* [ABOUT THIS EXERCISE] Please write out the entire listing below exactly, excluding its pictures.

* [DATA BELOW]
....

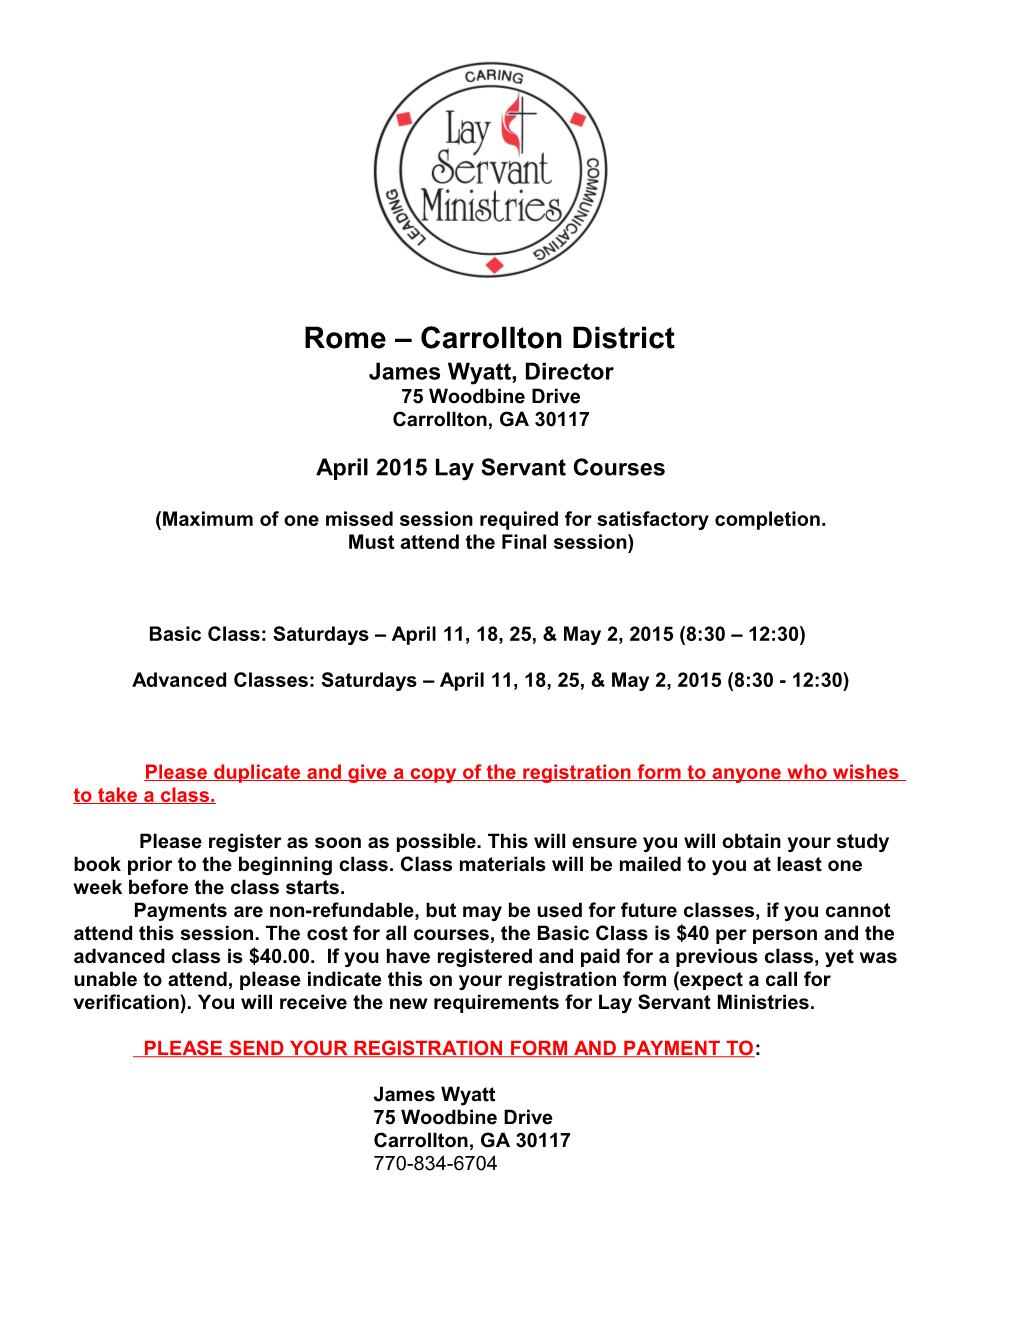 Rome Carrollton District s1
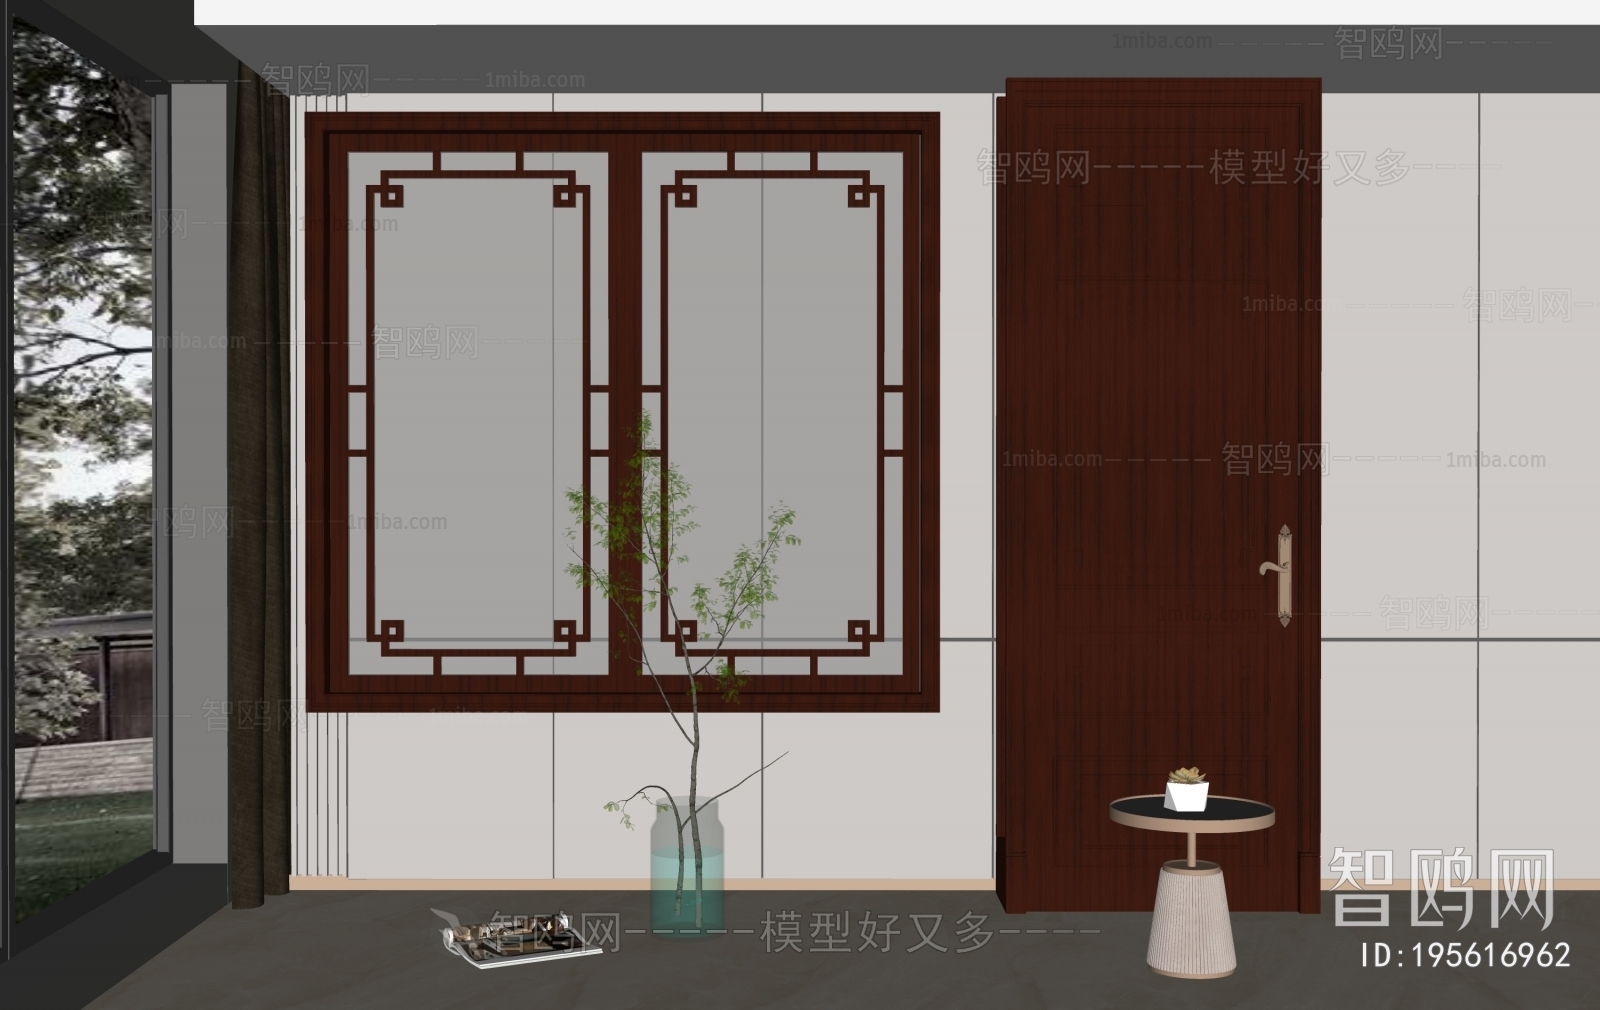 New Chinese Style Window
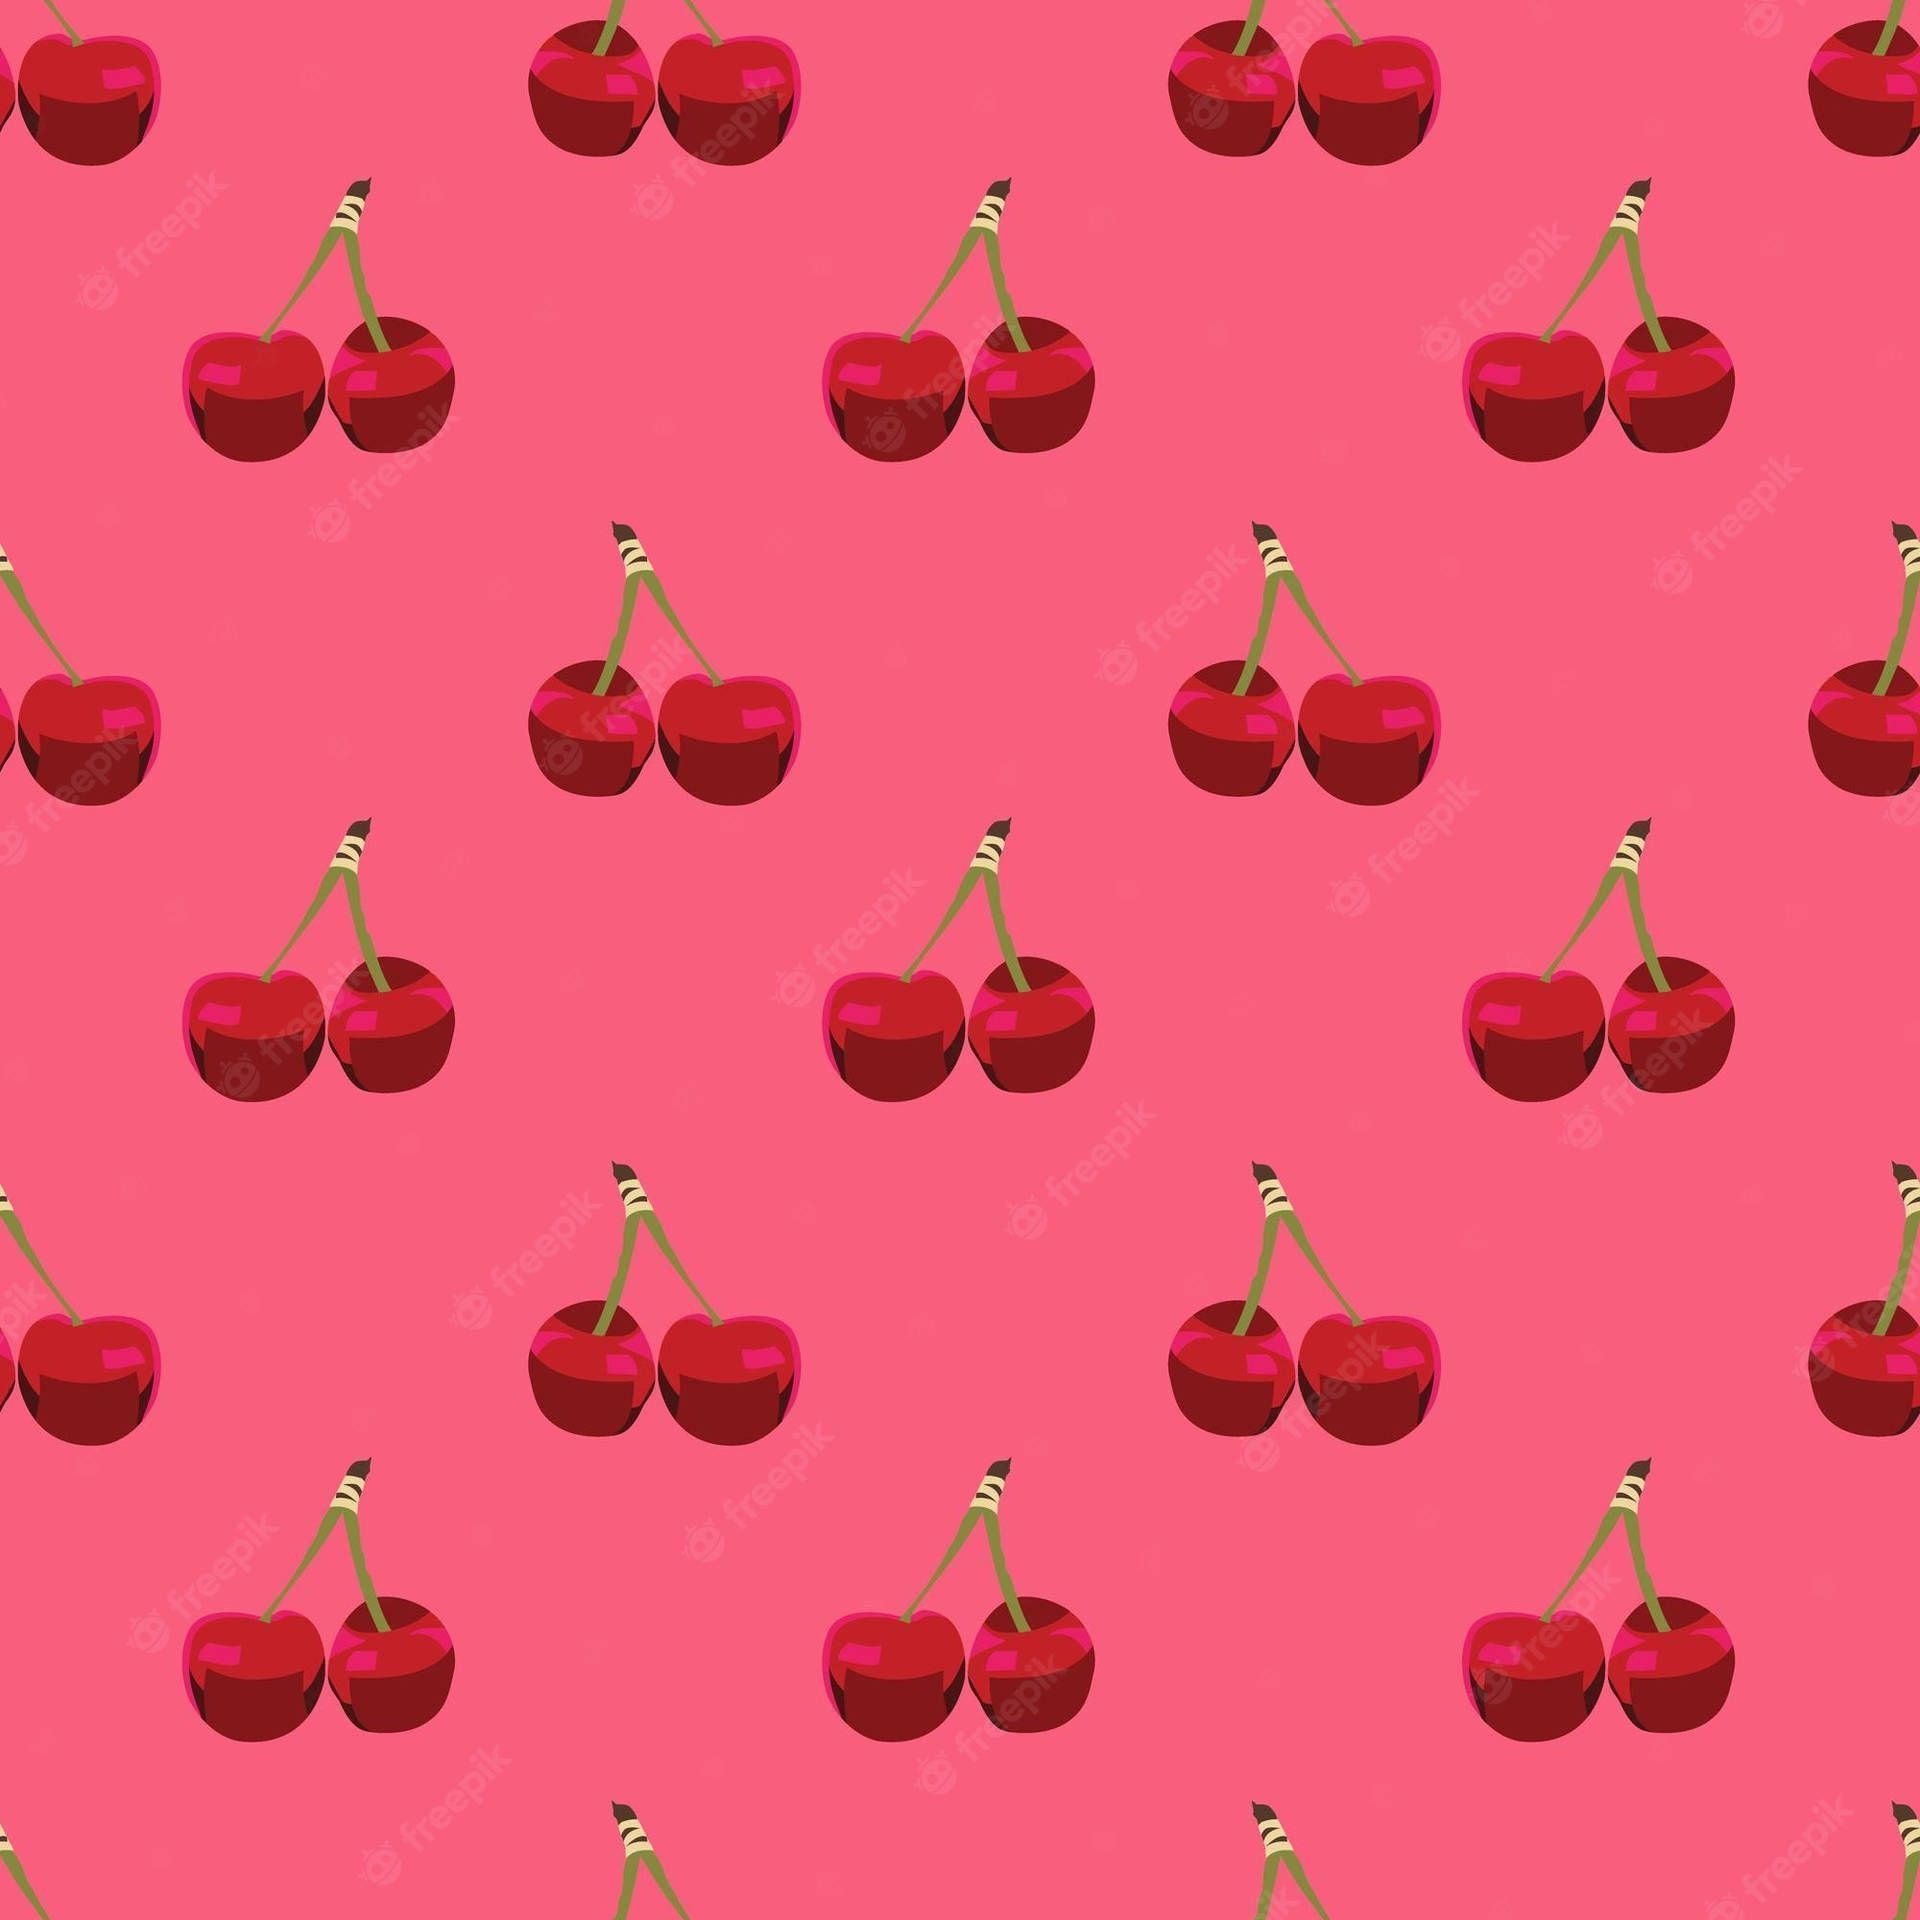 Cherry pattern seamless background - Cherry

....

* [RESPONSE TO THE TASK]
 Rome Carrollton District s1
 New Chinese Style Window
 Cherry pattern seamless background - Cherry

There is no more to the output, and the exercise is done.